Early on, she had started to think about making a piece of theatre about her sister's death and, after the inquest, began work in earnest with her co-writer and director Martin M Bartelt, a former assistant to Pina Bausch.

"Most people don't make shows about their own sister's murder. But I'm a performer, and to me it just seemed really, really instinctive. I felt so exposed by Kate's murder. I felt much more exposed by bursting into tears on the tube at 11pm on a Friday night when I've had half a shandy than I do by doing the play.
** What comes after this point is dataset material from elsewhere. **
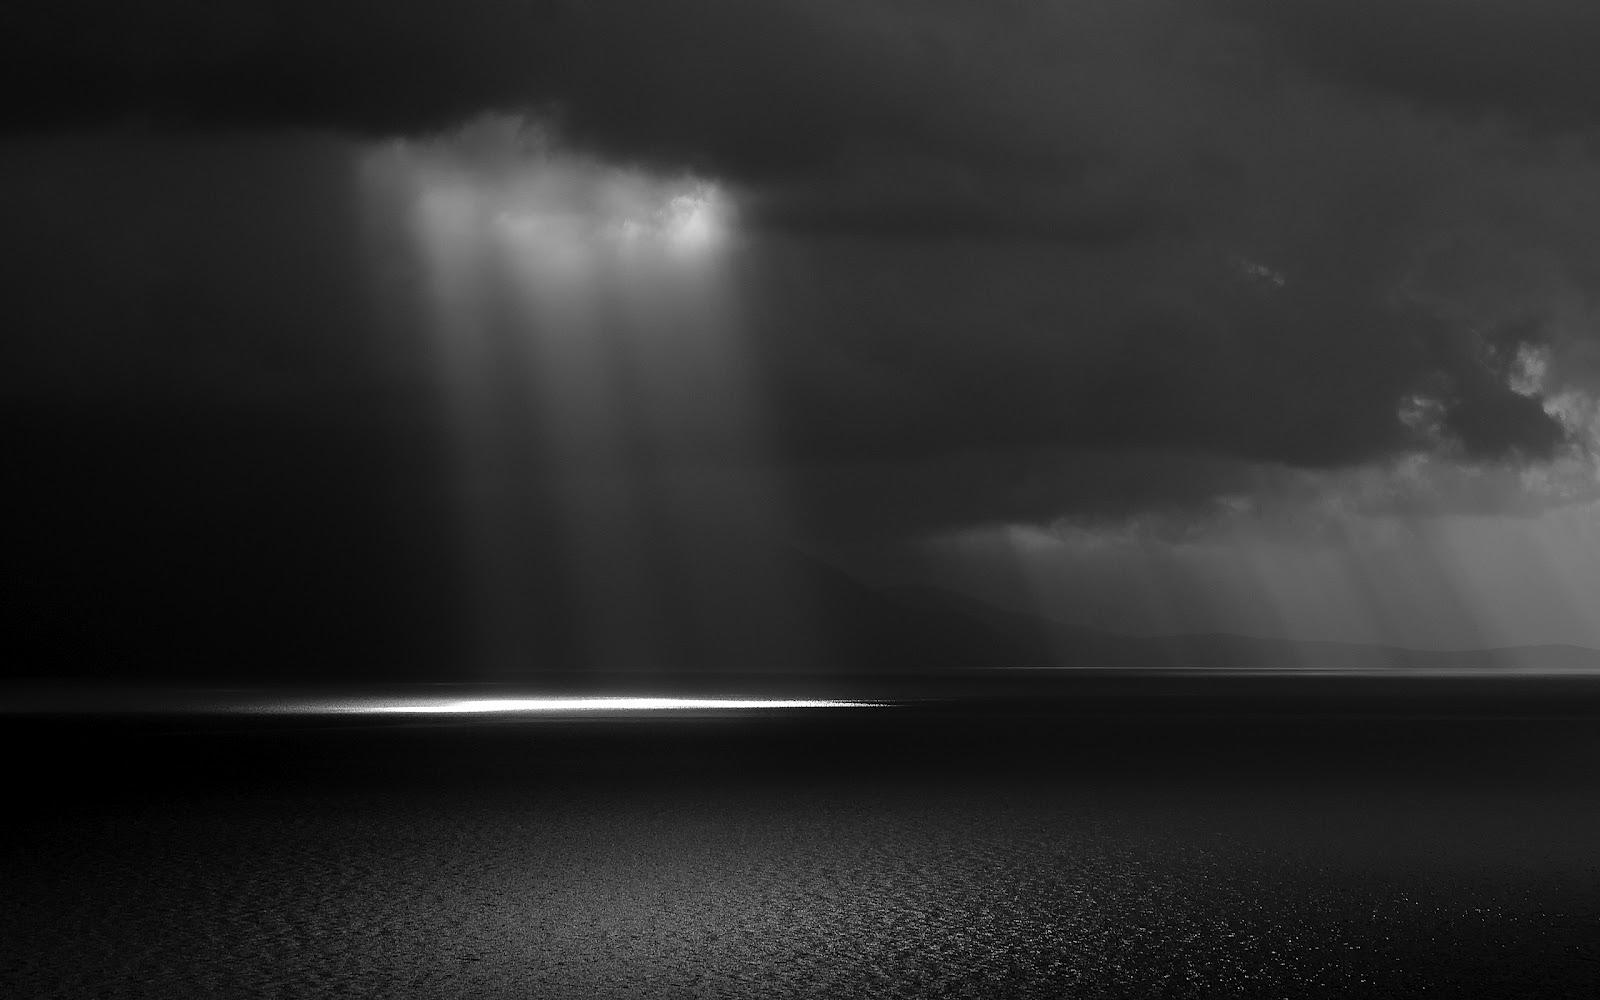 Wallpaper a day: shimmer of light on dark ocean wallpaper

"Part of it is definitely about wanting to do something, in the same way as people set up charities, or hold fun runs and tea parties. When a door is opened to you and you're shown a particular world, it changes you. You want to do something engaging and inviting, not feel like a victim. We hope through the particular of my narrative, it might resonate with people, help them to understand something that has happened to them, or someone they know."

She emphasises that, as a lifelong "news junkie" she believes that good foreign reporting is crucial, and that risks to journalists cannot be avoided. "But we feel there should be some sort of conversation about what we ask people to do and how we ask them to do it. These days, people are very interested in where their potatoes were grown, and if any radishes were harmed in the process of making a pie. We should be interested in the business of news, how people go, where they go, what they do while they're there."

• Sometimes I Laugh Like My Sister is at the Pleasance Courtyard, 1pm, until 30 August.